MRI was performed using a 1.5-T system (n = 43) (1.5T Gyroscan Intera NT or Achiva 1.5T Nova dual; Philips Medical Systems, Best, The Netherlands) or a 3-T system (n = 19) (Achieva; Philips Medical Systems, Best, The Netherlands) using a body coil for excitation and a pelvic phased-array coil for signal reception. The MRI parameters varied throughout the time of MRI data acquisition owing to adaptations of our standard clinical protocol. Peristalsis was suppressed with intramuscular administration of 20 mg of scopolamine butylbromide (Buscopan; Boehringer Ingelheim, Yamagata, Japan) or 1 mg of glucagon (Glucagon-G Novo; Eisai Co. Ltd., Tokyo, Japan). Axial and sagittal fast-spin-echo T2WIs were acquired with a repetition time (TR)/echo time (TE) of 3300–4800 ms/90–100 ms, a 4–5 mm slice thickness/1 mm gap, a 20- to 24-cm field of view (FOV), and a 192×256–256×256 matrix. Unenhanced T1WIs were acquired in the axial and sagittal planes with a spin-echo TR/TE of 525–700/6–10 ms, a 4–5-mm slice thickness/1 mm gap, a 20- to 24-cm FOV, and a 192×256–256×256 matrix. Axial DWI was obtained along three orthogonal directions using spin-echo-type single-shot echo planar imaging with the following parameters: b value = 0 and 1000 ms/mm2, TR/TE = 3000–4000/60–68 ms, a 3–4 mm slice thickness/no gap, a 24- to 45-cm FOV, and a 102×128–128×192 matrix. In half of the 62 patients (n = 31), after 0.1 mmol/kg gadolinium diethylenetriaminepentaacetic acid (Magnevist; Bayer Schering Pharma, Osaka, Japan) had been administered at a rate of 2.0–3.0 ml/s, followed by a saline flush (15 ml at 2.0–3.0 ml/s), multiphase dynamic images (a 20-seconds acquisition time, 9 sections) were obtained using three-dimensional, fast-gradient-echo, T1-weighted fat-suppressed, sagittal or axial sequences (TR/TE = 14–15/7–8 ms, a 2–3 mm slice thickness/no gap, a 28- to 40-cm FOV, and a 128×128–192×256 matrix). Finally, we also obtained delayed (4–5 min later) T1-weighted fat-suppressed axial and sagittal sequences sequentially, with parameters similar to those used before injection of gadolinium diethylenetriaminepentaacetic acid. In the other 31 patients, after a single injection of gadolinium diethylenetriaminepentaacetic acid at a dose of 0.1 mmol/kg body weight, we obtained T1-weighted fat-suppressed axial, sagittal, and coronal sequences sequentially, using parameters similar to those used before injection of gadolinium diethylenetriaminepentaacetic acid.

Image analysis

Two radiologists with 13 and 6 years of gynecological MRI experience, who had no knowledge of either the histologic findings or the clinical data, retrospectively evaluated the three protocols for the following findings: (a) local pelvic recurrence (hysterectomy scar, vagina, ovariectomy scar), (b) pelvic lymph node metastasis, (c) intrapelvic peritoneal dissemination, and (d) pelvic bone metastasis using a five-point grading system (1: definitely absent, 2: probably absent, 3: indeterminate, 4: probably present, and 5: definitely present). The data for protocol A was that obtained by T2WI and unenhanced T1WI, data for protocol B consisted of the data from protocol A and DWI, and the data for protocol C consisted of the data from protocol B and contrast-enhanced imaging. Each dataset was reviewed with the consensus of the two readers after a minimum interval of 3 weeks to avoid any decision threshold bias due to reading-order effects.

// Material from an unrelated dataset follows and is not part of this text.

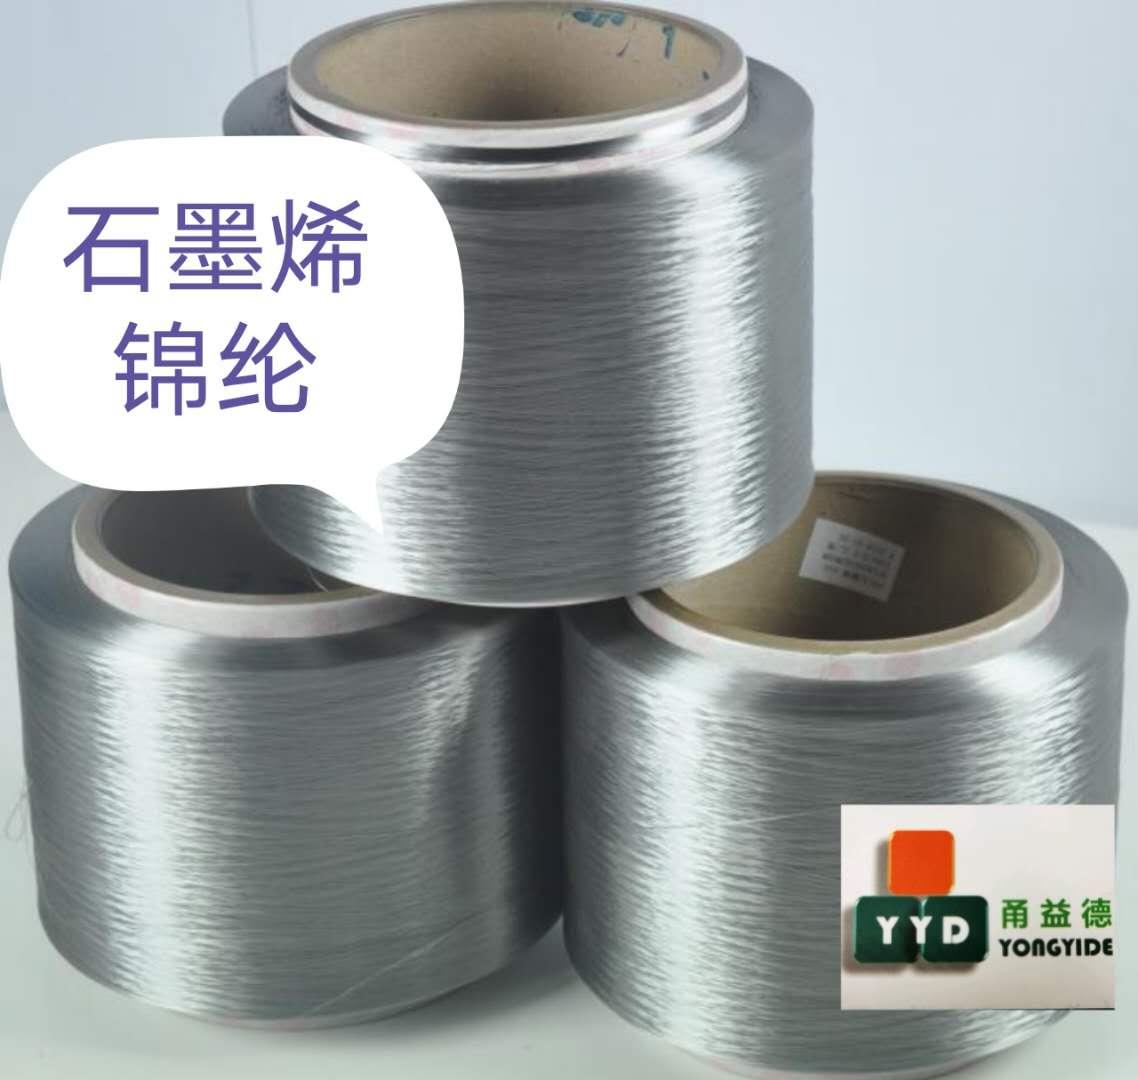 石墨烯改性锦纶 FDY75D/70F/宁波益德新材料有限公司

We referred to several previous standard criteria for restaging of gynecological malignancy on the basis of MRI interpretation [110]. Recurrent disease (local recurrence, peritoneal dissemination and bone metastasis) appears as a mass of intermediate to high signal intensity on T2WIs and low signal intensity on T1WIs. Areas of tumor recurrence appear bright on DWIs and demonstrate low signal intensity on apparent diffusion coefficient maps. A focal lesion with relatively early enhancement (45–90 s) on dynamic contrast-enhanced imaging or a different enhancement pattern relative to the surrounding tissue in a delayed scan was judged to be a recurrent lesion. Lymph node swelling larger than 1 cm in short-axis diameter was graded as metastasis. Furthermore, the presence of a central unenhanced area suggesting central necrosis was considered to be a malignant sign, whereas the presence of peripheral low attenuation suggesting a fatty hilum within a lymph node was considered to be a benign sign.

Standard of reference

Tumor recurrence was confirmed by surgery, percutaneous biopsy and by monitoring the progression or remission of the disease using clinical examinations, assessment of serum tumor marker levels, and imaging (CT, MRI, and FDG-PET/CT) during and after medical therapy.

For the patients who underwent surgery, the surgical and pathologic reports and the clinical charts were examined to determine the presence or absence of lesions. For the patients who did not undergo surgery, the following imaging criteria were applied as the standard of reference: lesion found at follow-up examination after the initial examination; lesion larger than that apparent during the initial examination; and lesion smaller in the follow-up examination after chemotherapy or radiotherapy than during the initial examination. If the lesions detected at the initial examination had resolved within three months without therapy, and no lesion had developed in a patient during the six months after the initial examination, we considered the lesion to be false positive and categorized the case as lesion absent. When the follow-up examination showed no lesion, an additional examination performed more than six months after the initial one was required in order to categorize the case as lesion absent.

Statistical analysis

To estimate the utility of each imaging modality for diagnosis of intrapelvic recurrence, receiver operating characteristic (ROC) analysis was used on a per-patient basis. Differences in assessment between the three sets of the area under the ROC curve (AUC) were tested for significance by Cochran Q test. Any two sets of AUC were tested using McNemar’s test with Bonferroni adjustment. Tests for differences in sensitivity, specificity, and accuracy between imaging protocols were conducted using the McNemar test. To calculate the sensitivity and specificity of each modality, scores of 4 and 5 were considered positive. In all analyses, a P value of less than 0.05 was considered to indicate a statistically significant difference. Statistical analysis was performed using the SAS software package (version 9.3; SAS Institute).

Results

Documented positive locally recurrent disease, pelvic lymph node recurrence, peritoneal dissemination and bone metastases were present in 48.4% (30/62), 29.0% (18/62), 16.1% (10/62), and 6.5% (4/62) of the patients, respectively. Patient-based sensitivity, specificity, accuracy, and AUC for depicting local recurrence, pelvic lymph node metastasis, intrapelvic peritoneal dissemination, pelvic bone metastasis, and overall (intrapelvic) recurrence for the three protocols are shown in Table 1 and Fig. 1.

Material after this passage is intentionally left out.